By Susan M. McMillan, PhD
Our 2003 paper on point-biserial correlations and p-values, item statistics from classical test theory, has been one of our most popular publications. This three-part blog provides a slightly revised and refreshed explanation for how item statistics can be used by educators to improve classroom assessments. Part 1 is a nontechnical overview of item analysis and explains why we recommend it for classroom assessments. Part 2 describes how to compute p-values and point-biserial correlations using an Excel spreadsheet, and Part 3 discusses the interpretation of item statistics.
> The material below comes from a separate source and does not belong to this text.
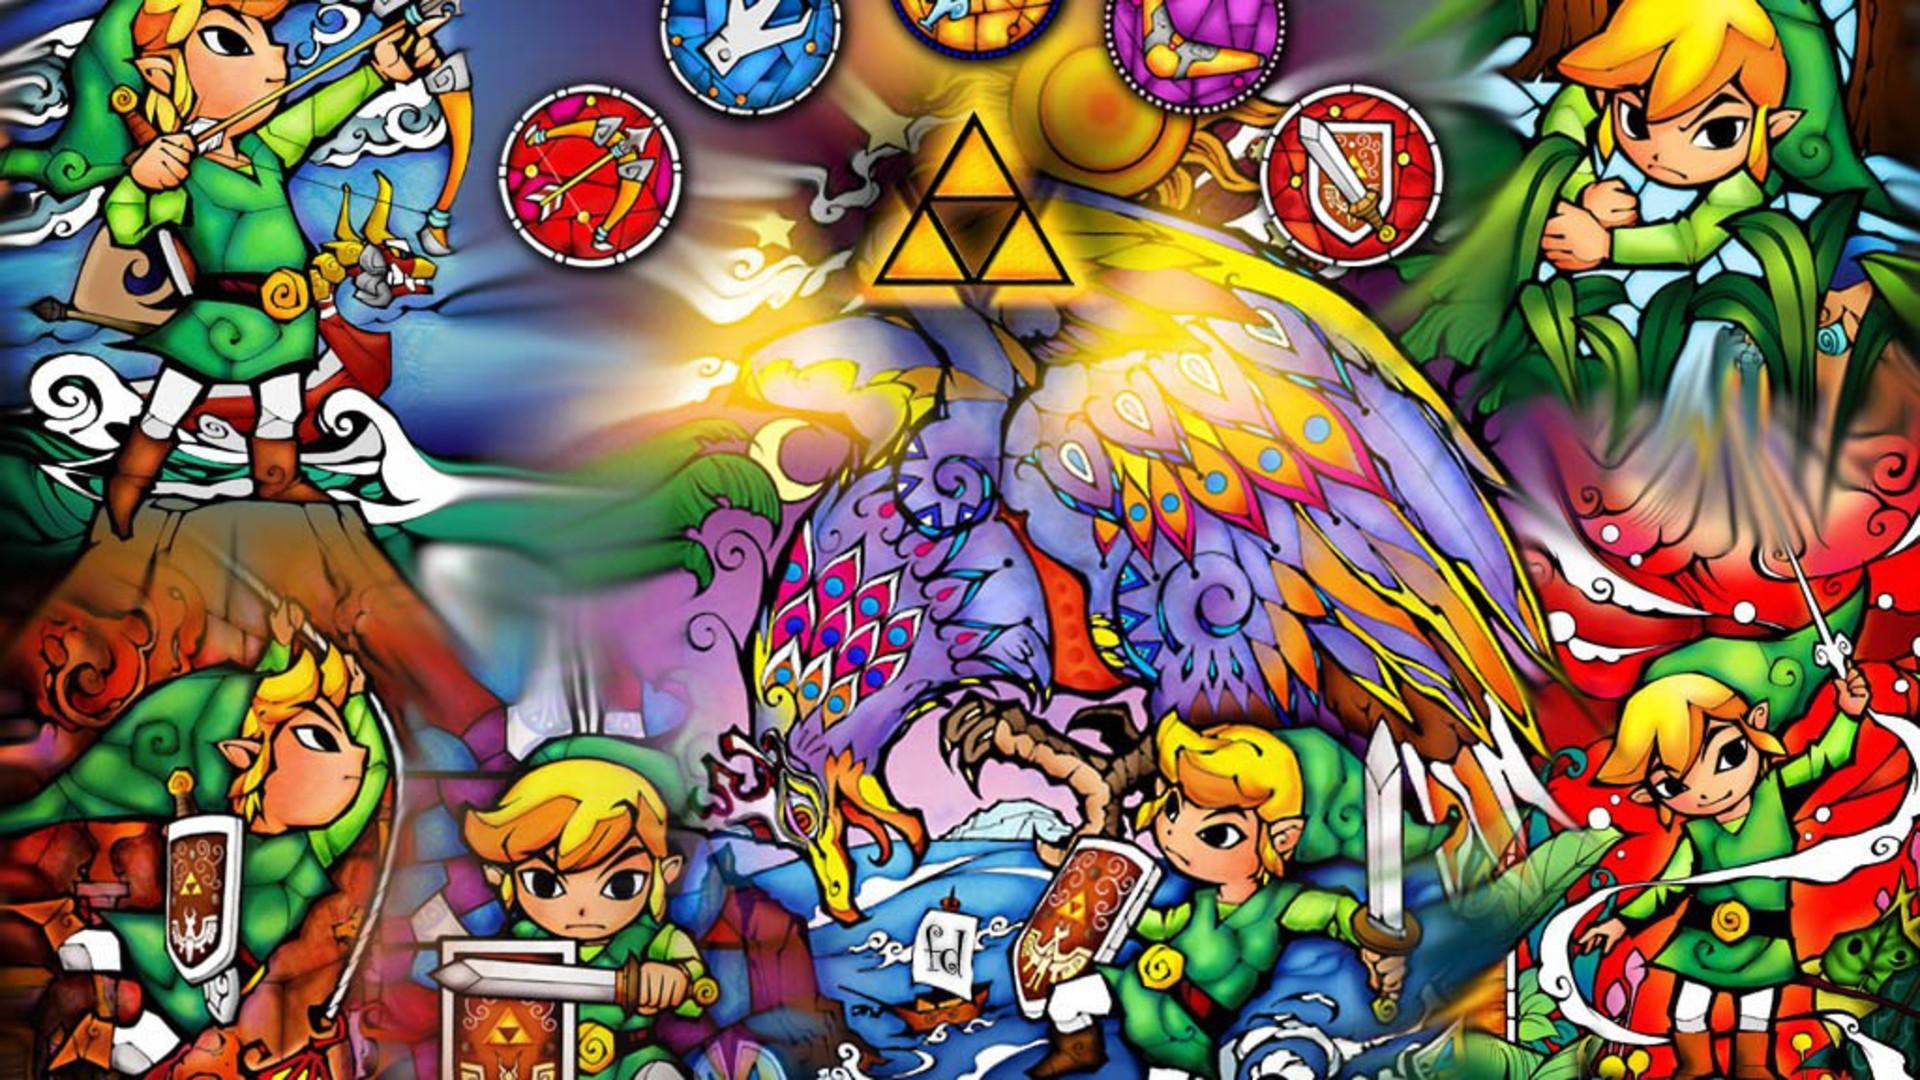 Res: 1920x1080, video games, Link, triforce, The Legend of Zelda - Free Wallpaper /  WallpaperJam.com

Part 2: Computing P-Values and Point-Biserial Correlations
Some item banks and many learning management systems provide p-values and point-biserial (or item-total) correlations, so you may skip to “Part 3: Interpreting Item Statistics” of this blog series if you already have item statistics and aren’t interested in how they are computed. In this section, we present examples based on a fictional classroom test that is summarized in Figure 1.
The student names are listed in rows 3 through 11 of column A, and the items are listed as the column headers (columns B through K) in row 2. All items are scored 0 if incorrect and 1 if correct. Each table cell contains the score that a student received on an item. For example, Aaron is the only student who got Item 10 correct (score of 1 in cell K3).
The p-value is the proportion of students who got an item with only two score points (correct or incorrect) correct. To compute the p-value, we need to sum the number of students who got the item correct and divide by the number of students who took the item.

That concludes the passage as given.